Cady, Manfred, Winifred (hedgehog) and I spent the weekend climbing at Natural Bridge and Falls State Park and exploring the endless Boulder River. Sam met up with us for some climbing in the Foyer and the three of us climbed every south facing route there (6 routes). I had an injury to my right hand that rendered me useless for rope gunning and didnt think I was even going to get to climb but Sam put the rope up for us on each one and I was able to tough it out. Fun easy day of climbing. Afterwards we bounced up the road with the Gypsy Wagon all the way to Hells Canyon to camp. Empty campground. Sunday we unloaded Cadys motorcycle and rode tandem up to the Box Canyon Ranger station with intentions of going up to Independence, an old ghost town, but the road got too rough for two people on a little dirt bike. Found some amazing roadside boulders/bouldering potential though.

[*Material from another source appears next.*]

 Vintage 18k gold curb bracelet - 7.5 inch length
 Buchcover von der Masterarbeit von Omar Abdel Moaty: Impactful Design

The Foyer is that slot below the chockstone boulder upper right.
These are big, bigger than they look.

For instance....

Betcha theres some ice up there.
That super moon or whatever its called was pretty sweet to see.



Friday, November 11, 2016

Revenue Village: Proud Face is all done! Roadside Ramp has one route.

I was able to get three more days in the village this season. I have been working on Proud Face for the latter half of the season and now with 9 routes, I can call her done. None have been climbed on lead yet so I will refrain from grades for now. Before the season even began, I set a goal to start and finish Manfred's Rock, start and finish Proud Face and finish a route on the Roadside Ramps; essentially develop everything encountered while walking in from the North entrance. It didnt look like I was going to make it but this Indian summer (can I still say that?) held out long enough for me. A lot of this post is purely record keeping for me, sorry if its dry and to the point.
Tools
Smoke on the water

An inversion kept the fog on the lake. Purdy neat
THE Proud Face. Proud Face Route starts in crack, traverses left in to middle of face to 6 bolts. Sam's Variation goes up the crack, stays in the crack then takes arete to top (TR). Proud Face Crack starts in either crack on the bottom then stays in obvious wide crack to top (not visible). 
This chunk is the right side of Proud Face Rock. 'Empty Rangers' starts in the lower left crack (right side crack variation to Proud Face Crack) then traverses left to right at the dike (3 bolts) then the arete and cracks to the anchor.
The right side start to PF Crack or the standard start to Empty Rangers. Upper PF Crack can be seen.
This slab is just left of Proud Face. There is a subtle slab right in front of the main chunk. 'Incessant' goes up it with one bolt (crack to the right is useless for pro) then bomber cracks through right side of roof and to the top. 'Wake up Call' starts behind leaning slab with wide gear to 3 bolts up to left side of roof and gear to the top. 'Fugitess Crack' is just around the corner of this slab facing left.
Two slabs pictured here. The right one has a route 'Its pronounced Eye-gore' with cracks to one bolt and gear up to anchors. The left slab with the large boulder on top starts with one of the best lieback cracks in the Village then you stem that gap you can see and there are 2 bolts to get you to the anchors 'Weed Stems'.
The Roadside Ramps as seen from the road. Too bad you cant walk straight to them!
'Mushrooms are Good for Sundays' 14 bolts to one small cam to anchors.